I would like to study how to use pymc3 linear regression within a Bayesian framework. According to extrapolate data from high school to the knowledge.
What Bayes' rule?
In essence, we must know that we have the evidence of the world's knowledge and combine to tell us about the state of the world.
This is an example. Assuming that there is such a rare disease, there is one for every 10,000 people infected with the disease were randomized. In other words, you have a 0.01% chance of suffering from this disease. Fortunately, there may be a test correctly identified 99 percent of people with this disease, if not the disease, it can also correctly stated that 99% of you are not suffering from this disease. You took part in the test result is positive. You should worry about?

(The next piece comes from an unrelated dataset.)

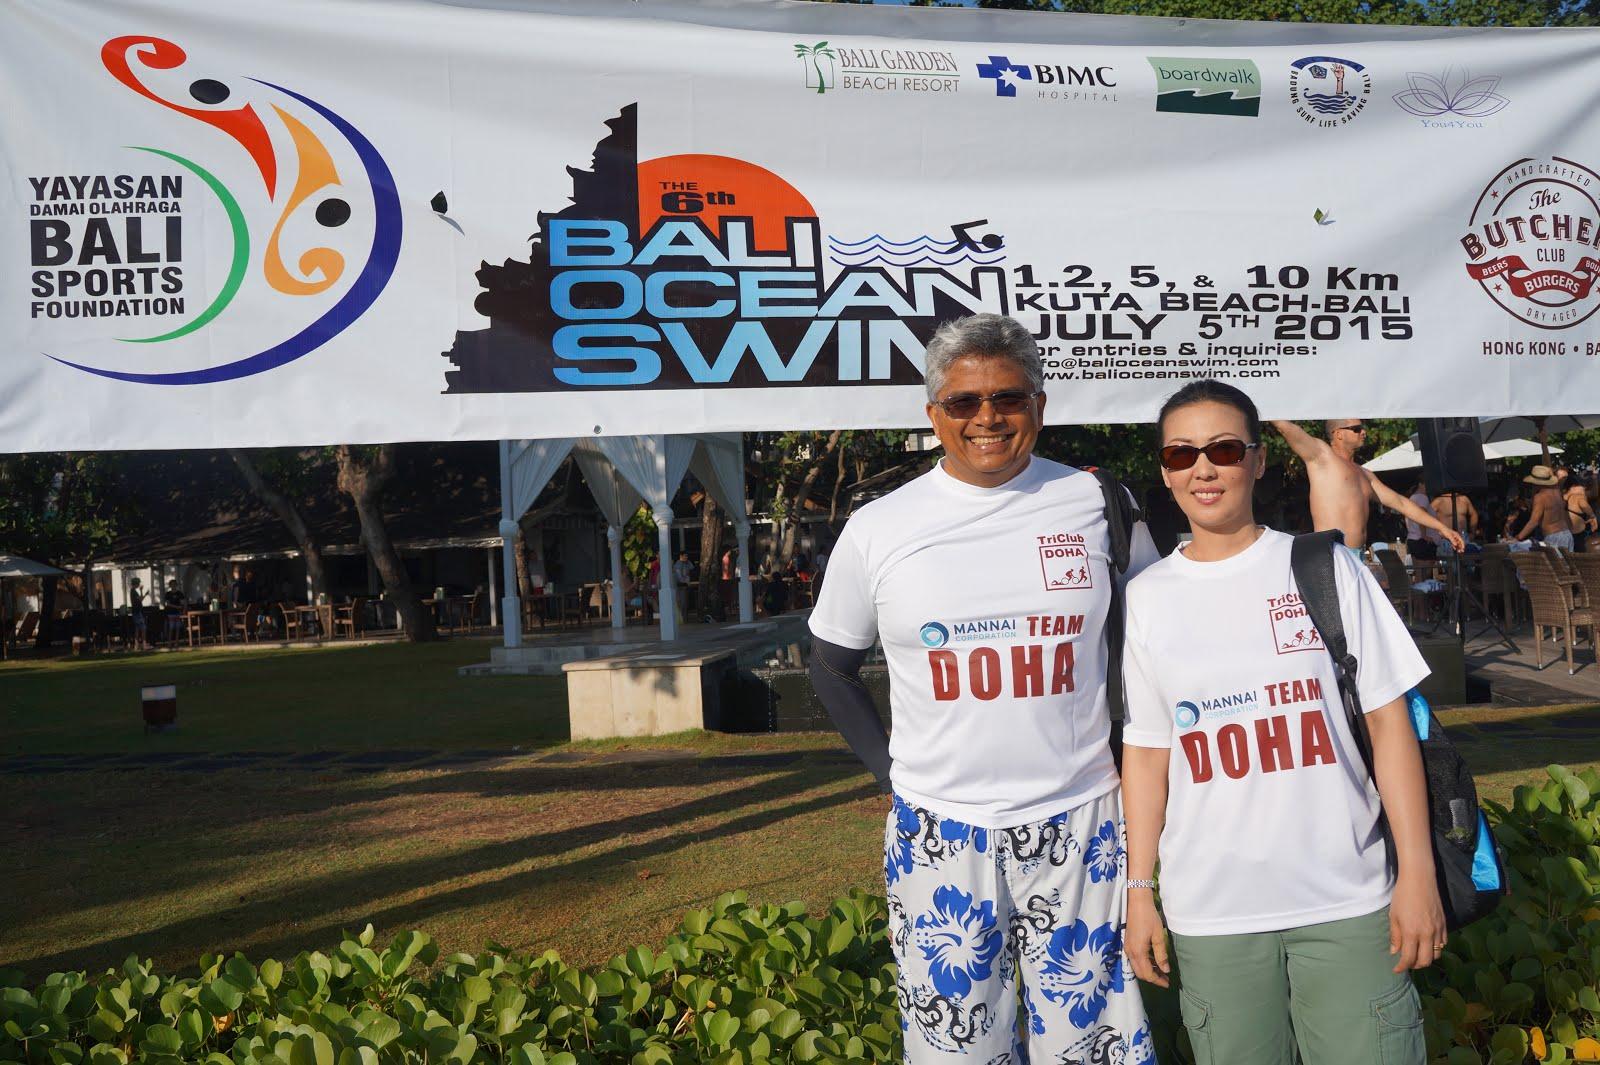 Bali 10 km Ocean Swim (5 July 2015)

Well, let's think about it logically. We know that there is one person per 10,000 people contracting this disease. Suppose there are 10,000 people. They are 9,999 people without the disease, but 1% of people will get positive results. Therefore, even if only one person actually suffering from this disease, and about 101 people get a positive result. This means that even if the result is positive, your only real chance of 101 points suffer the disease (or about 1% chance).
Mathematical description:
It looks very simple. In fact, it's simple. The formula requires only some knowledge of the probability distribution. But in fact, the denominator of the right usually means we will have to calculate a lot of really heavy integral calculation. Therefore, Bayesian statistics was abandoned for many years. In a sense, it is naturally out of the probability theory. If we have only good things to calculate a lot of numbers, then this problem can be resolved.
The computer calculated very quickly indeed. In fact, I write this article, my clumsy old laptop can make some good Bayesian statistics, such as Bayesian we are going to return.
Code
This is the knowledge required Bayesian regression. Usually, we think of this return:
e is the error normally distributed.
Therefore, we assume that:
And a priori:
So, if we have the data X and Y, you can perform Bayesian linear regression.
Code
Therefore, the data set we want to use is " American Housing Survey: 2013 housing affordability data" data set.
我们感兴趣的是住房负担如何随着年龄而变化。AGE1包含户主的年龄。BURDEN是一个变量,它告诉我们住房费用相对于收入有多大。为简单起见,我们仅关注这两个变量。我们想知道的是,随着年龄的增长,住房负担会变得更容易吗?特别是,我们想知道斜率系数是否为负,并且由于我们处于贝叶斯框架中,因此该概率为负的概率是多少?
因此,让我们从一些先决条件开始,我们将导入所需的库和数据。我们还将进行一些数据清理。
import pandas as pd
import pymc3
import matplotlib.pyplot as plt
df=pd.read_csv('/home/ryan/Documents/thads2013n.txt',sep=',')
df=df[df['BURDEN']>0]
df=df[df['AGE1']>0]好吧,这很简单。现在,让我们构建上面讨论的模型。让我们做一个散点图,看看数据是什么样子。
plt.scatter(df['AGE1'],df['BURDEN'])
plt.show()结果如下:
数据看起来住房负担天文数字很高,很容易超过收入的10倍。
现在,我们不必为此担心太多。这是构建和运行模型的代码:
pm.traceplot(trace)
plt.show()看起来与我们上面的模型完全一样,不同之处在于我们还有一个正态分布的截距额外的beta。最后一行是实际为我们运行模型的内容。现在我们的模型已经训练好了,我们可以继续做一些推论工作了。继续运行,然后在运行时执行其他操作。在较旧的笔记本电脑(例如我的笔记本电脑)上,这可能需要花费大量时间。通常,您将需要在GPU上的云中进行这些计算。在笔记本电脑上运行花了47分钟。完成运行后,会看到类似以下内容:
可以看到,我们有斜率和截距的后验分布以及回归的标准偏差。
但是就像我一开始就想知道的那样,住房负担会随着年龄的增长而减少吗?我的想法是,也许是的。随着人们的建立,他们的住房成本将相对于收入下降。这将等于年龄变量的负斜率系数。运行以下代码,则可以找出斜率系数为负的确切概率。
print(np.mean([1 if obj<0 else 0 for obj in trace['x']]))
,该系数为负的概率约为13.8%。